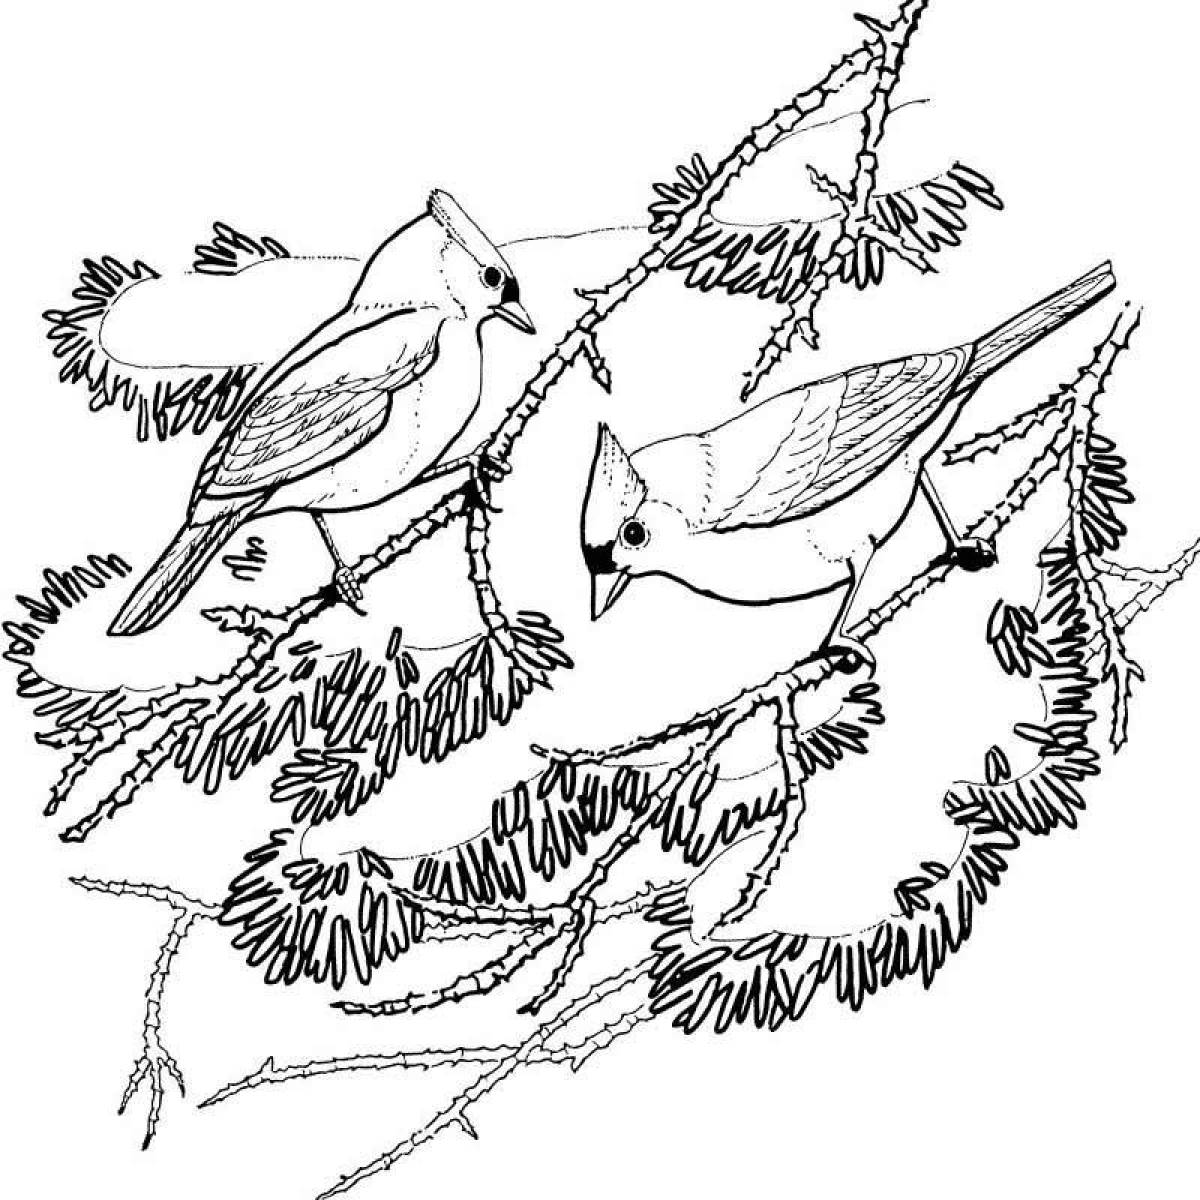 Coloring pages of wintering birds for children 6-7 years old
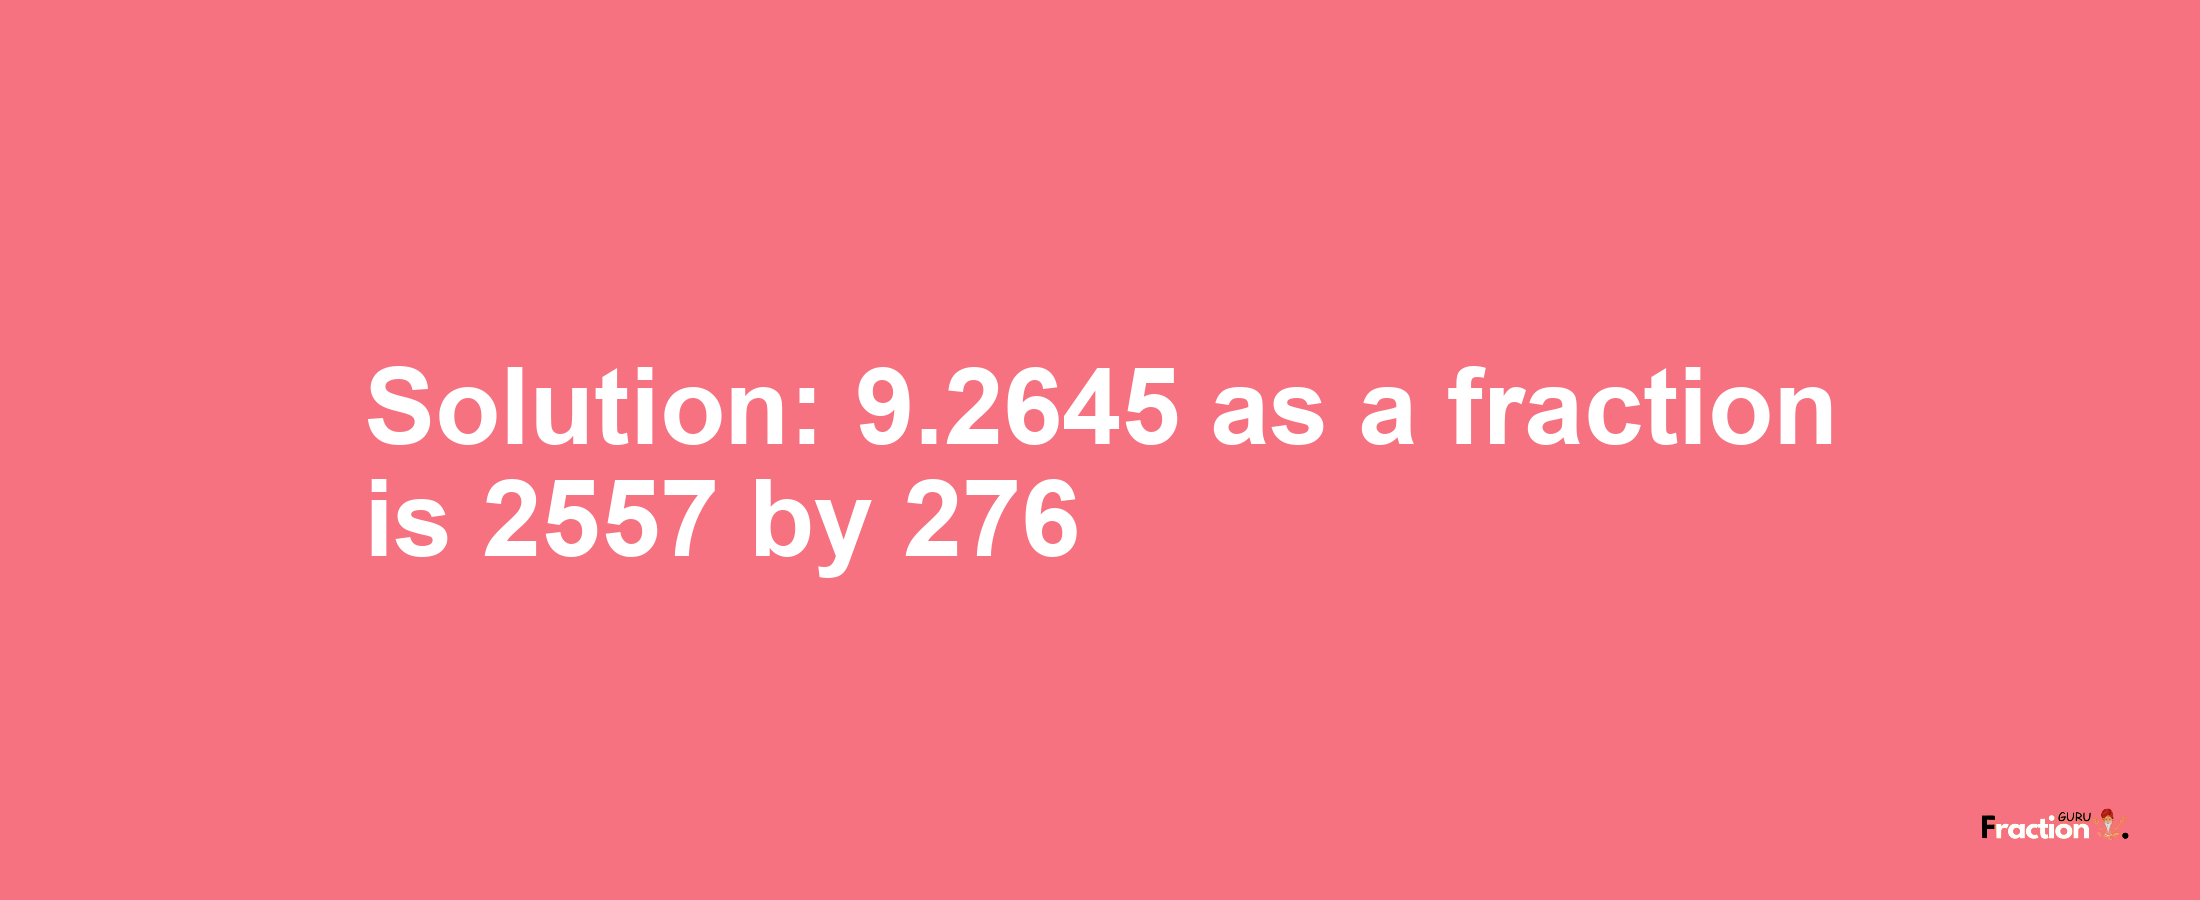 Solution:9.2645 as a fraction is 2557/276
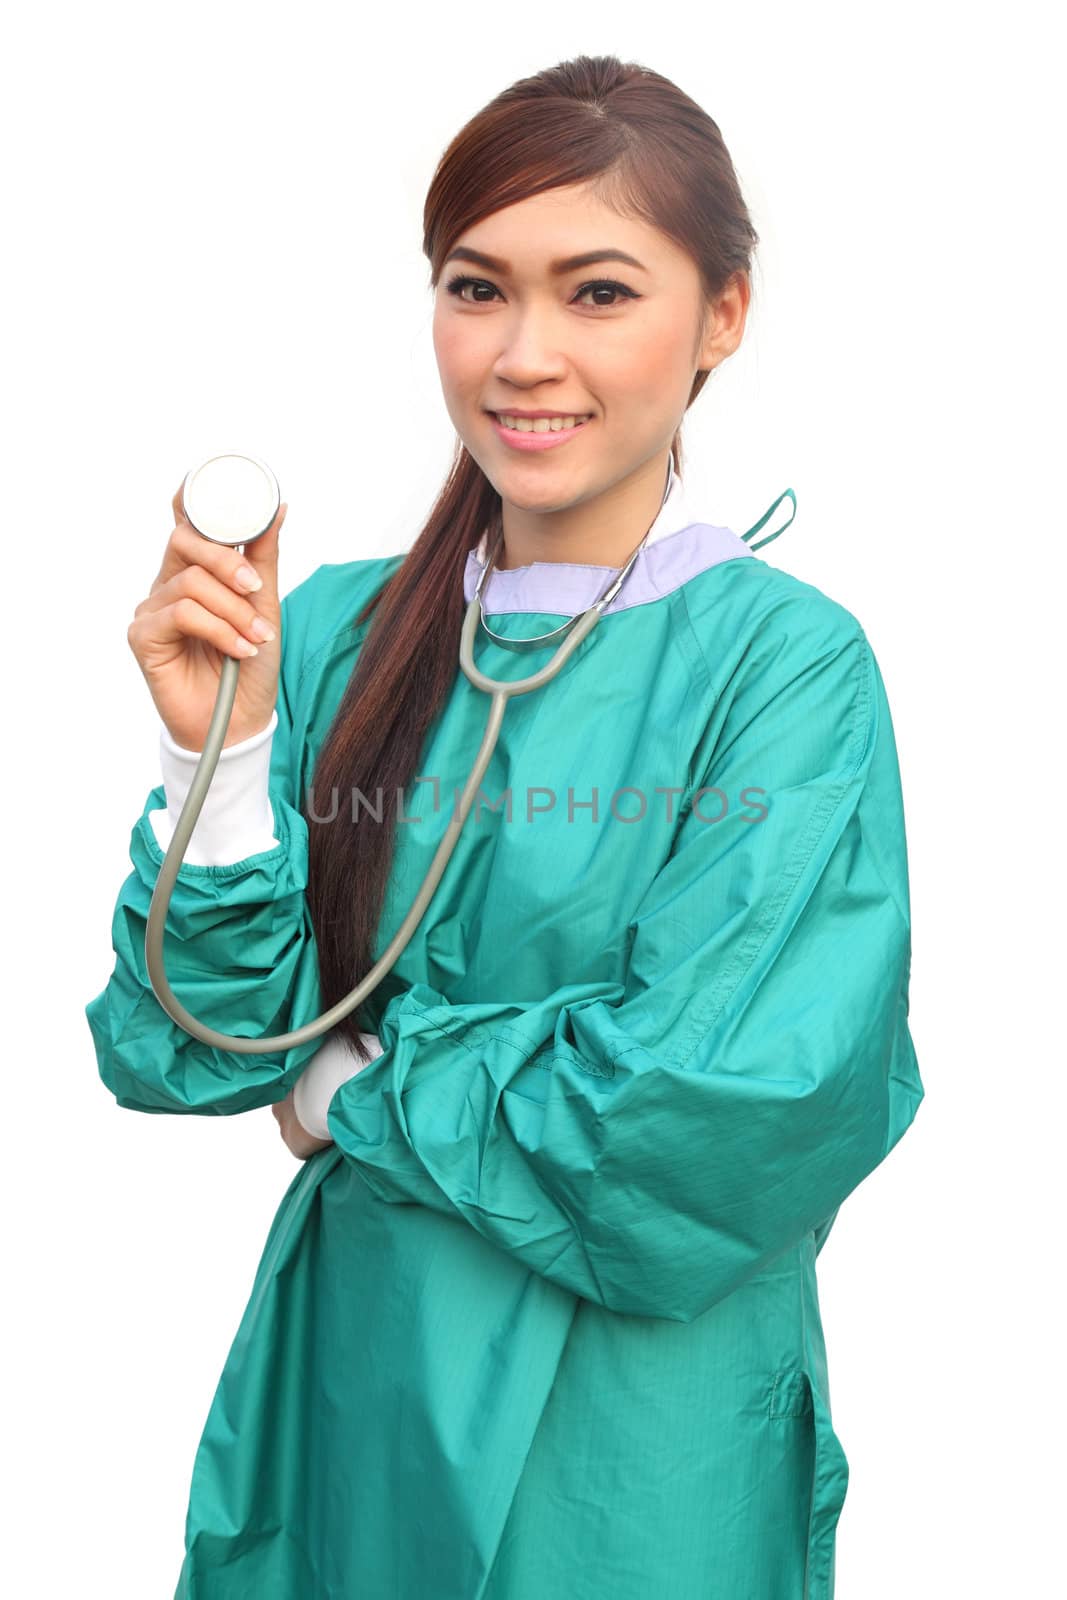 female doctor wearing a green scrubs and stethoscope by geargodz
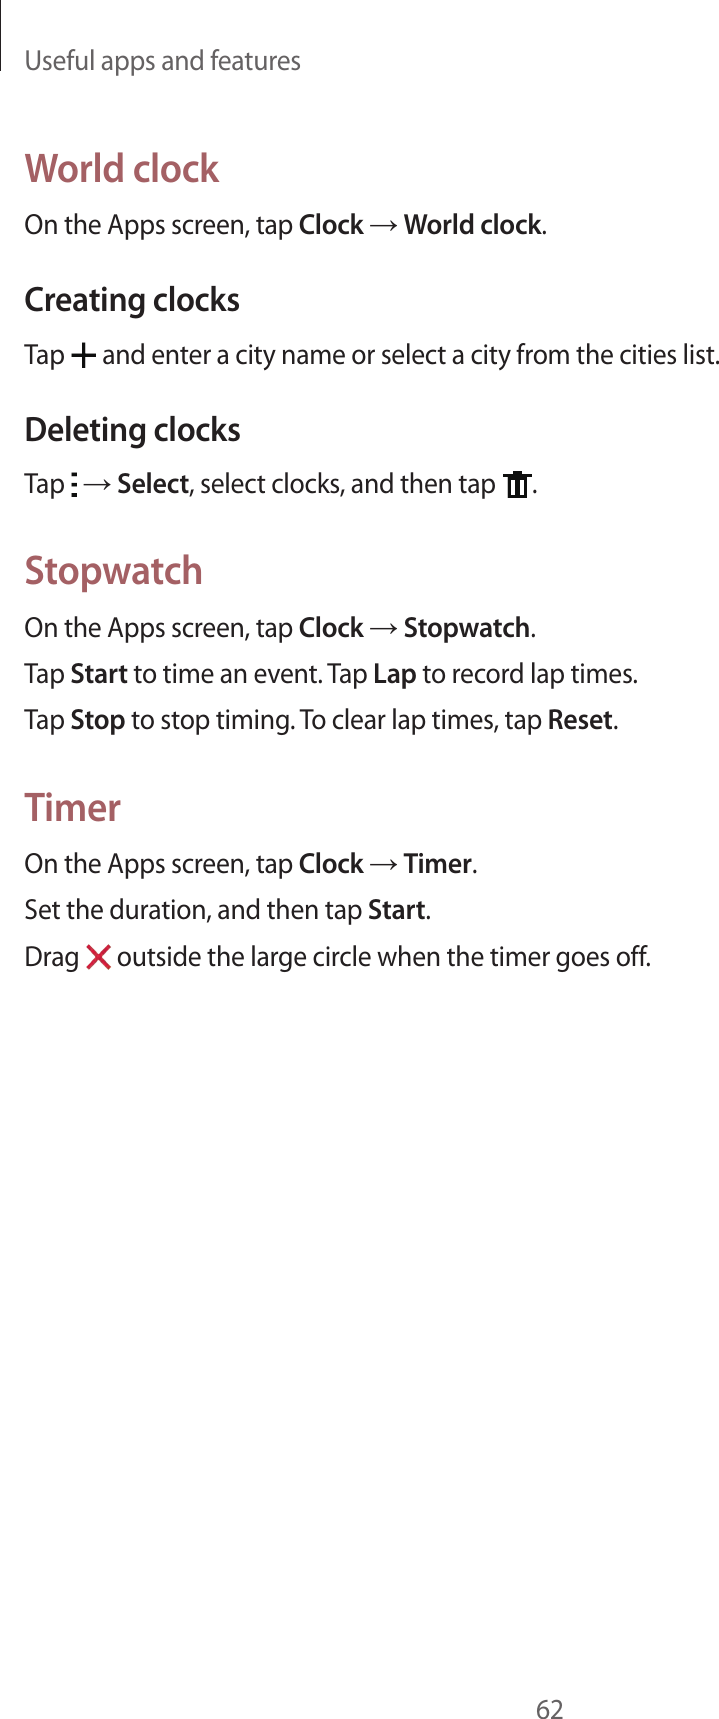 Useful apps and features62World clockOn the Apps screen, tap Clock → World clock.Creating clocksTap   and enter a city name or select a city from the cities list.Deleting clocksTap   → Select, select clocks, and then tap  .StopwatchOn the Apps screen, tap Clock → Stopwatch.Tap Start to time an event. Tap Lap to record lap times.Tap Stop to stop timing. To clear lap times, tap Reset.TimerOn the Apps screen, tap Clock → Timer.Set the duration, and then tap Start.Drag   outside the large circle when the timer goes off.

Problem to solve: The answer is the lines of the material above, from the one containing "Solution:9.2645 as a fraction is 2557/276" down to the one containing "female doctor wearing", given exactly and without images.

Expected answer:
 Solution:9.2645 as a fraction is 2557/276
 female doctor wearing a green scrubs and stethoscope by geargodz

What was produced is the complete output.